A Whole World of New solutions
– Digital Transformation with Fashion Technologies
The answer could be in fashion technology and digital transformation. Companies like ours, TG3D Studio, can scan the human body using an unique 3D body scanner that easily blended into a fitting room. With millions of 3D points scanned, the contours of each person are mapped incredibly accurately. The data is then output into a very intuitive, user-friendly form: accurate body measurements with a digital 3D copy of the body. We can digitally recreate fabrics and model them into accurate copies of 3D garments, with the same draping and dimensions as the original. We have also invented a new process: "Virtual Try On" means customers can attire their mini-me in the latest fashions. Just with one scan, it allows the customers to confidently shop online and find their desired garments with perfect fit.
However, this is no dress-up game, although it can be just as fun as a real-life shopping session. Replacing physical clothes with digital ones has many distinct advantages.
When clothing fits well customers are more likely to keep an item and wear it again and again, rather than it going unworn because it doesn't look right. They are then less likely to buy more clothing to try and find the perfect fit. When shoppers are happier in their choices, it cuts down the amount of clothing going to landfill.
There are several ways that digital clothing can help with this.
Improving the Fit – reduce return rates and carbon footprints
The standard measurement chart used for creating patterns is outdated and based on unrealistic body shapes. We collated the measurements from our body scans. This anonymous data provides a clear and accurate picture of the real shapes and sizes of people today. Manufacturers can use this information to create better fitting clothing for their target customer
To see if clothing is the right match for them, customers can use Virtual Try On to try clothes on digitally. Both their bodies and the clothing are reproduced exceptionally accurately. This means that they can see whether they are too short, too tight, too big or just right. Customers are then able to avoid buying clothes online which don't fit. This helps to reduce customers’ return rates and the overall carbon footprint since there are less shipping and packaging process.
Industry 4.0: On-demand Service – reduce over-production and over-stock
With digital clothing, retailers can offer variations of designs which are then created on demand. They can choose that dress in the colour that they liked, and try different necklines until they find precisely the right one. It can then be made to order. An on-demand service greatly minimizes waste. Clothing is not produced in the quantity the manufacturer predicts will sell, with a few extra just in case, but in precisely the amounts needed.
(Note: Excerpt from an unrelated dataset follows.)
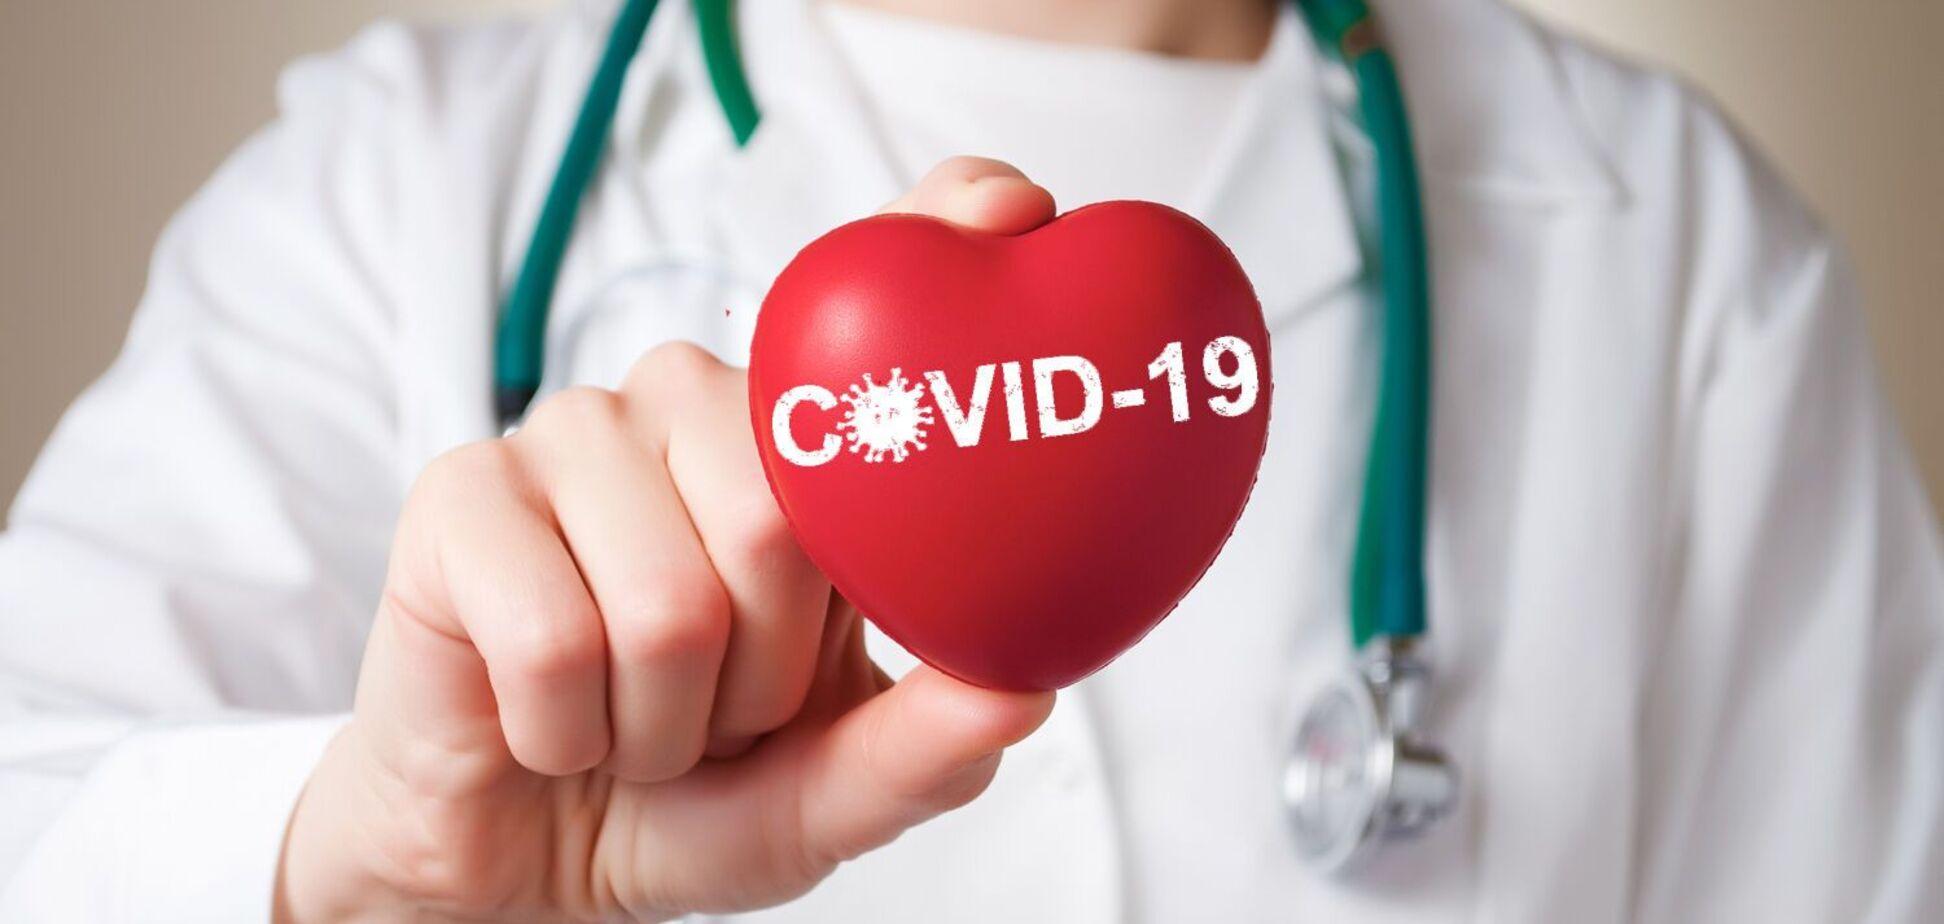 Переболеть COVID-19 – далеко не всегда означает выздороветь

No more over-production and over-stock problems.
Digital Samples – reduce material and resource wastes
Digital garments also make sampling infinitely quicker. Going through the process of getting a garment cut and sewn, then alterations made, then repeated until the clothing is correct is time-consuming and wasteful. A digital garment can be altered as many times as required with the click of a button. Different fabric combinations can be tried against each other, as well as different accents and details. Based on the data provided by our partner “Prosoft VR”, 24000 meters of fabric, 12000 euros of energy, 2400 tons of water and 4800 kg of carbon pollution are used before. However, fabric, energy cost, water and carbon pollution are reduced 80% after adopting digital transformation. With the help of digital garments, they also don't need to travel to showrooms physically as a virtual catwalk and showroom are just as effective.
Fashion is a creative outlet, as well as an economic force, which none of us wants to see disappear despite our worries about the environment. Using digitization tools, we can minimize the waste involved and return to focusing on designing and creating beautiful clothes.